PostPosted: October 21, 2004 9:23 AM    Post subject: Reply with quote

I'm with LEEN. You must take a stand sorry to say it but I believe you have created this situation ( That is if he is only verbal but toss this on the fire if he is physical). It doesn't matter by the way that you have screwed up and allowed it thus far. The shock and awe campaign will just be all that more surprising. I can see his eyes bugging out now as next time he acts like that bellow out the door of your class for him to Settle Down you'll be out when class is over. My hubby DARES once in awhile to try crap like that and you can bet he is always some sorry he went there.
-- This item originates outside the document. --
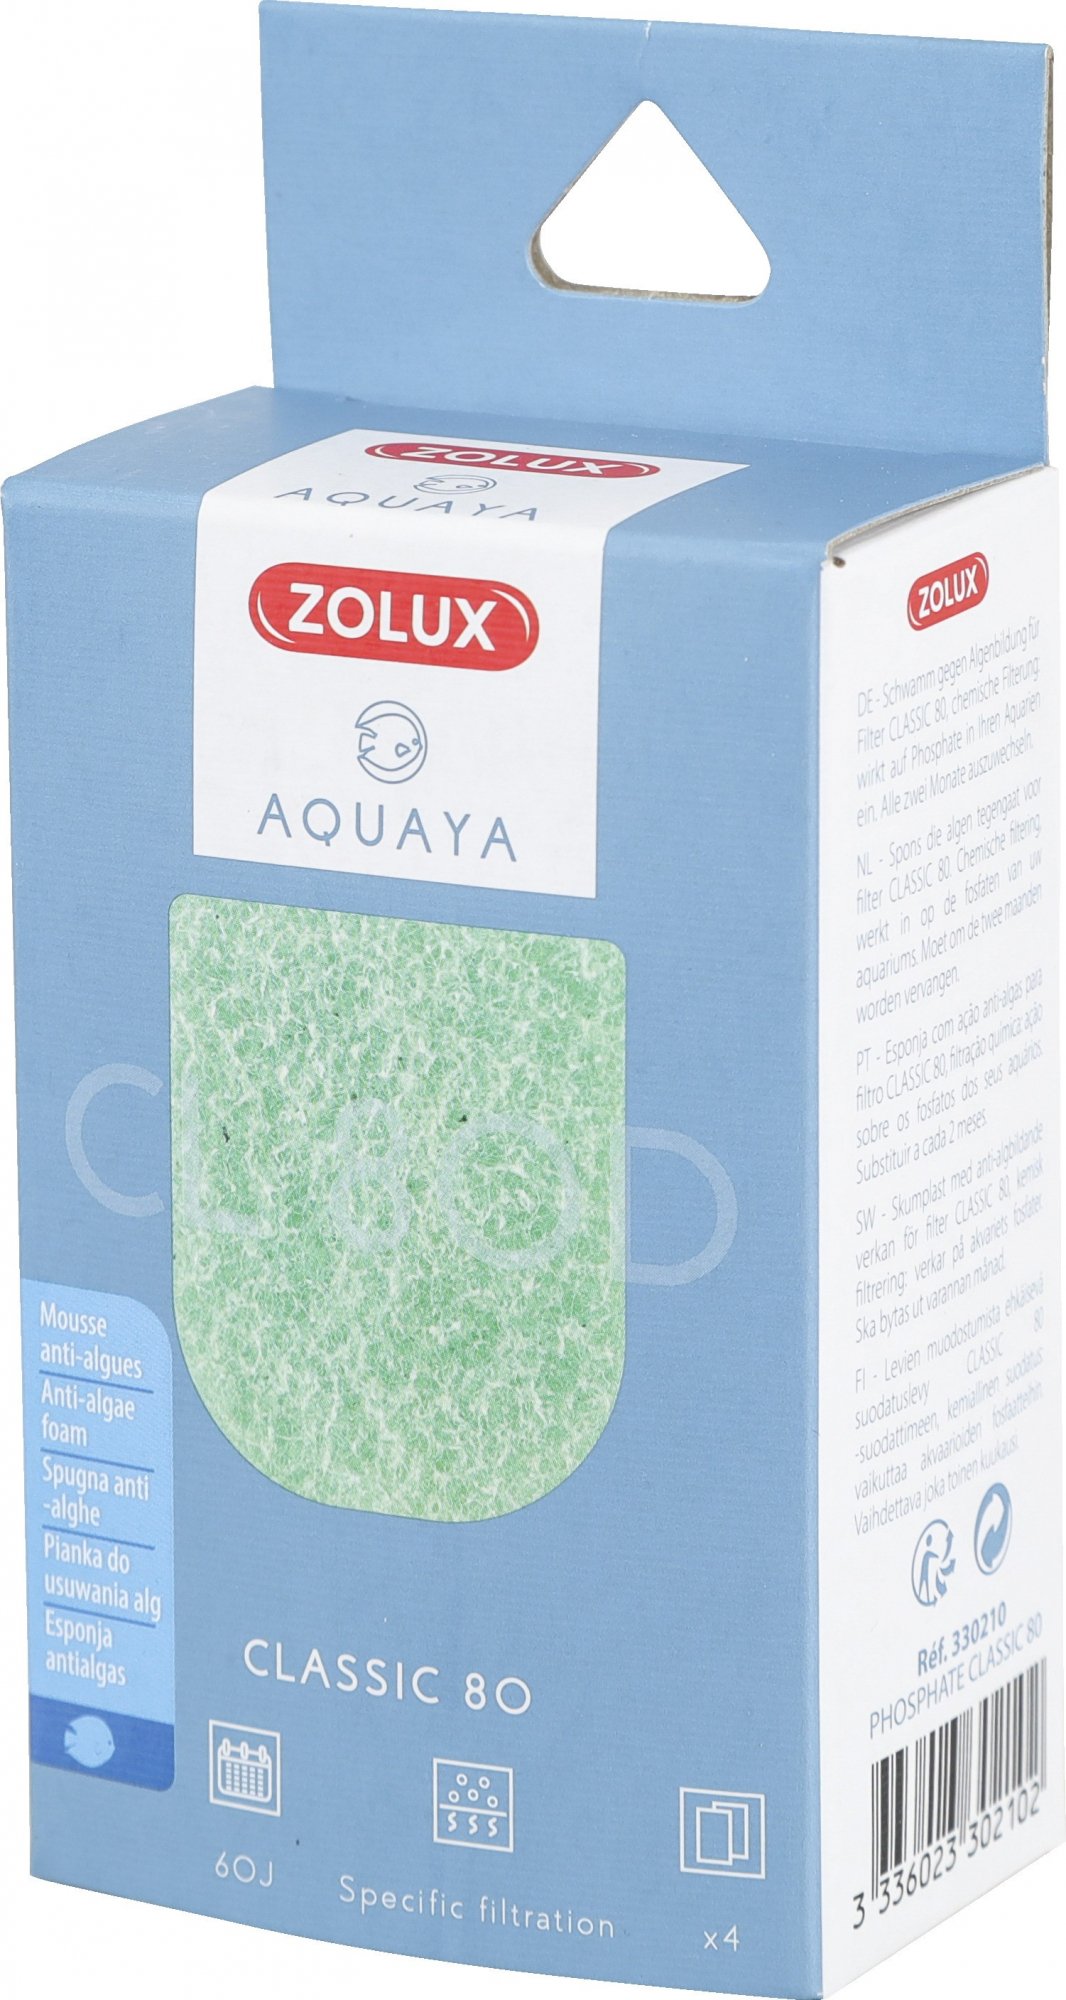 Mousse antifosfato per filtro Classic Aquaya

We have 20 years into our marriage and we are each other's best friends. We are a team so it actually makes the other person more secure when you offer him the security he needs. People that act like your husband is acting are usually insecure in themselves and it has nothing to do with you. Take control but not by babying him. He needs tough love. Now if he is physical go to the shelter don't look back and put your energy into getting the healthier half of all you own with hubby. Make that your priority. No better way to heal your hurts than a SCREW YOU ATTITUDE. Good luck now it's time to kick ASS not ASH (that one is behind you)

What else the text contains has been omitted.